Basta consultar páginas como Airbnb o Homeaway para ver que la oferta es amplia, tanto de pisos enteros en los que no consta el número de licencia (obligatorio según la Ley de Turismo), como de habitaciones. Hay pisos en barrios tan dispares como Badal, La Prosperitat, Sagrera, La Pau, Guinardó o el Turó de la Peira. La oferta legal, 9.857 pisos, quedó congelada en mayo de 2014, cuando el ex alcalde Xavier Trias dictó una moratoria de nuevas licencias. Sobre la oferta ilegal no hay cifras, pero sí datos que constatan la expansión.

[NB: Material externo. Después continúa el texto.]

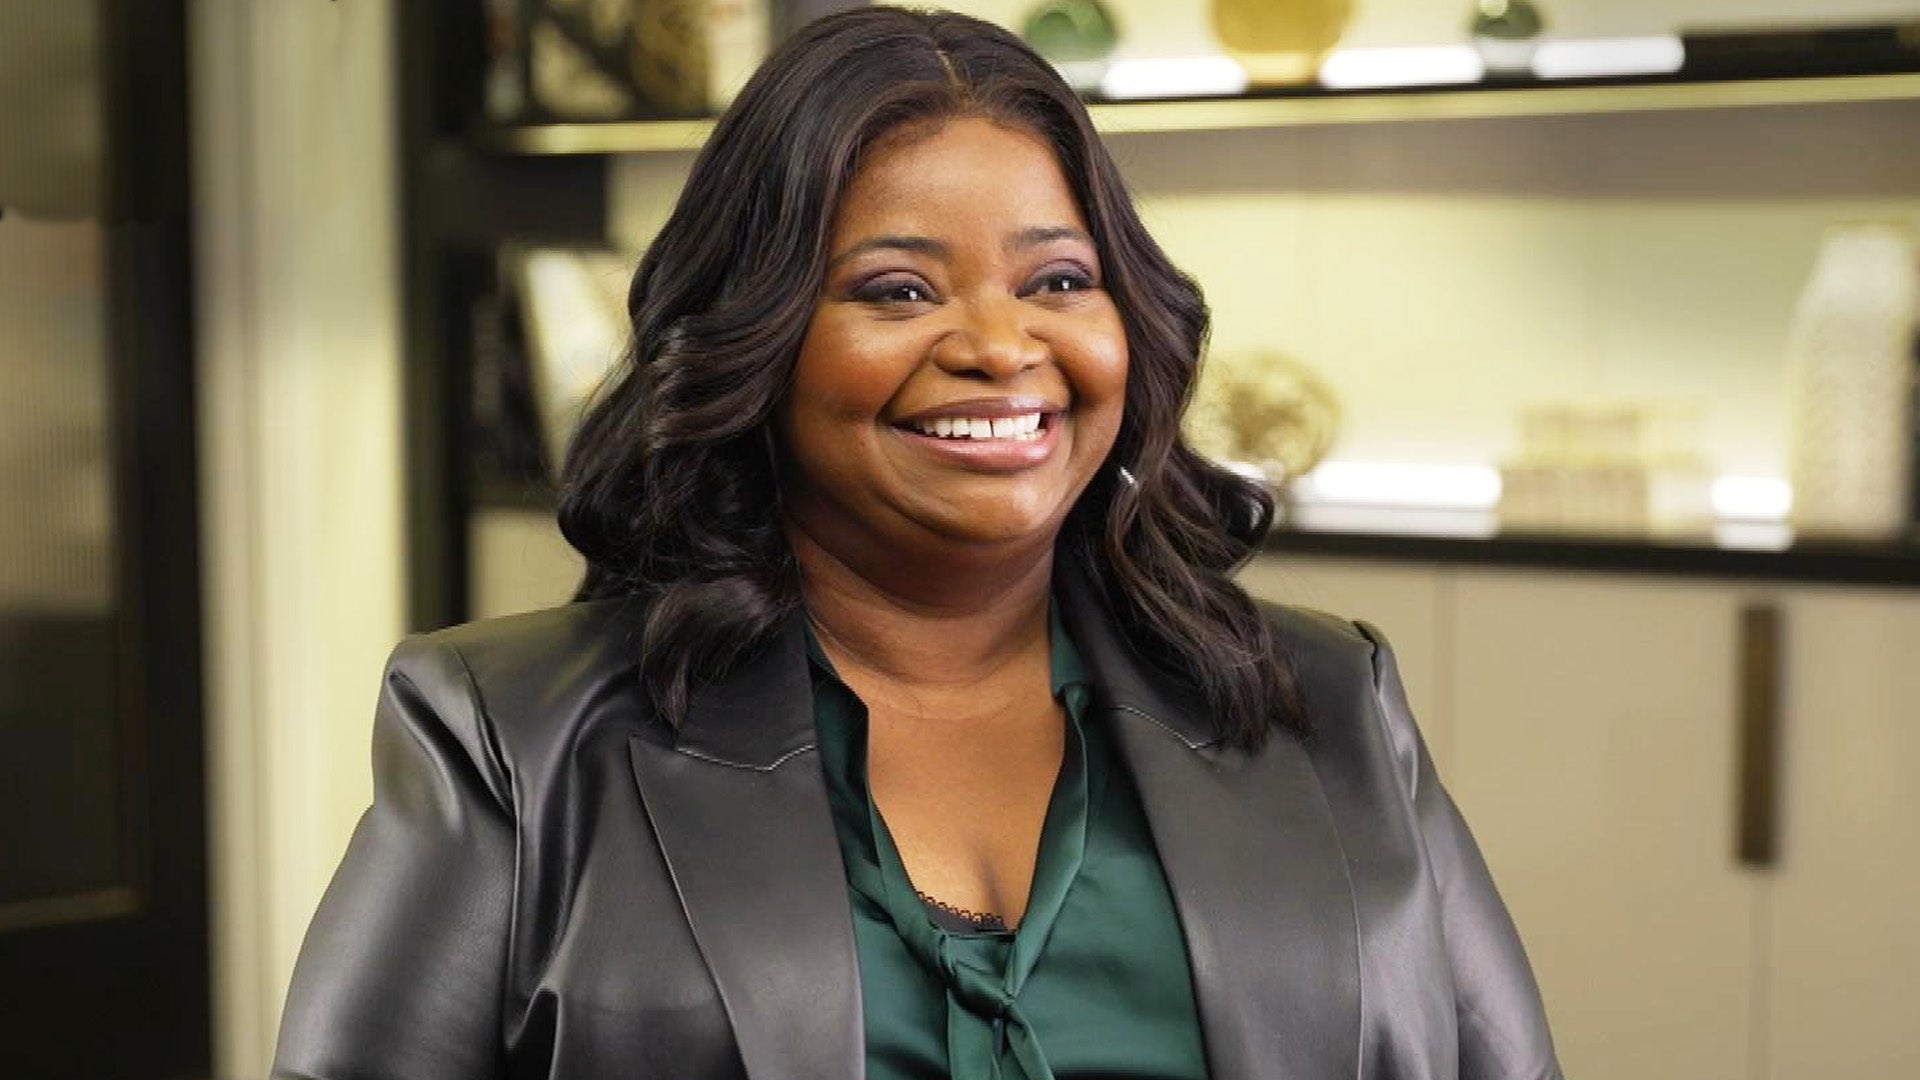 Octavia Spencer: Female Empowerment Movement Can't Be About Women Vs. Men

Por ejemplo, una cuarta parte de los expedientes abiertos por el Ayuntamiento este año y el pasado corresponden a pisos ilegales que están fuera de Ciutat Vella y el Eixample.

El Plan de Choque de la alcaldesa Ada Colau contra la oferta ilegal cuenta con efectivos en toda la ciudad, no solo en el centro, subrayan fuentes municipales. Hay 20 visualizadores que patean todos los barrios, las arañas informáticas rastrean toda la oferta en internet, cualquier vecino puede comprobar si un piso tiene licencia en la página creada para ello y las cartas pidiendo la colaboración ciudadana se enviarán a toda la ciudad.

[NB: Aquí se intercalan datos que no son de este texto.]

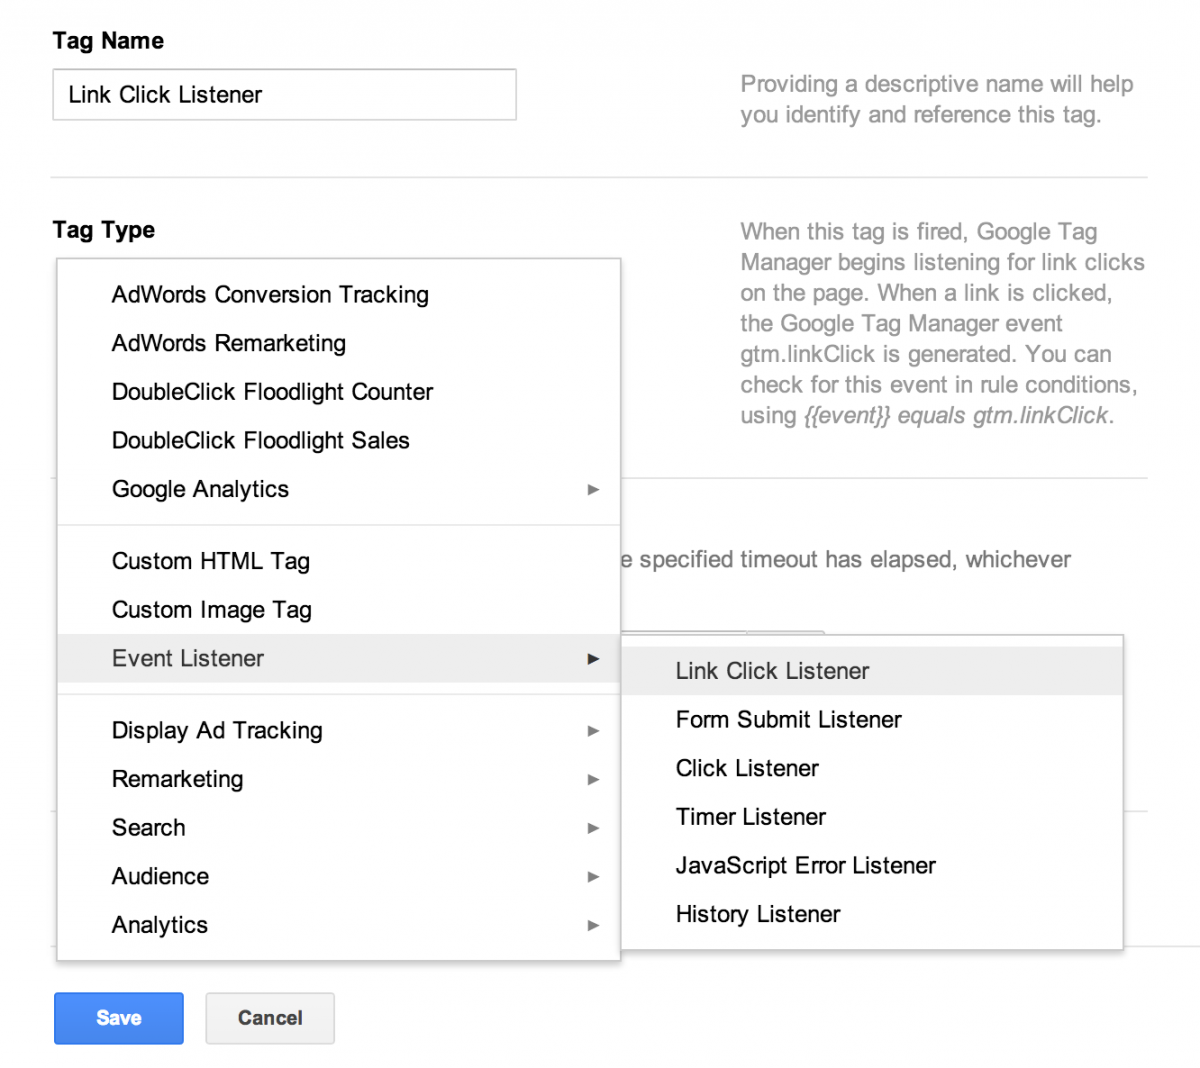 Creating the Link Click Listener Tag.

Pocas licencias en las ciudades vecinas

L'Hospitalet de Llobregat (151 pisos con licencia), Sant Adrià del Besòs (22, sobre todo en el Fòrum) o Badalona cuentan por ahora con pocos apartamentos legales y aseguran que la presencia de oferta ilegal no es por ahora un problema. En Santa Coloma, vista la presión de Barcelona, en 2015 el ayuntamiento dictó una moratoria de licencias y aprobó una ordenanza que prohibe oferta turística en escaleras de vecinos. La ciudad sí tiene un edificio entero de apartamentos.

El jueves, Juan, vecino de la finca donde murieron los dos niños, explicaba que “hace ya unos años que funciona el piso turístico”. “El problema del Besòs y la Mina es la gente, no el lugar, tenemos la playa al lado y en 20 minutos estás en el centro”, argumentaba una joven vecina dando a entender que no es tan extraña la oferta para turistas en el Besòs. Incluso fuentes municipales reconocen su sorpresa por la ubicación de un piso turístico en la zona, pero admiten que los vecinos explican que comienza a haber oferta.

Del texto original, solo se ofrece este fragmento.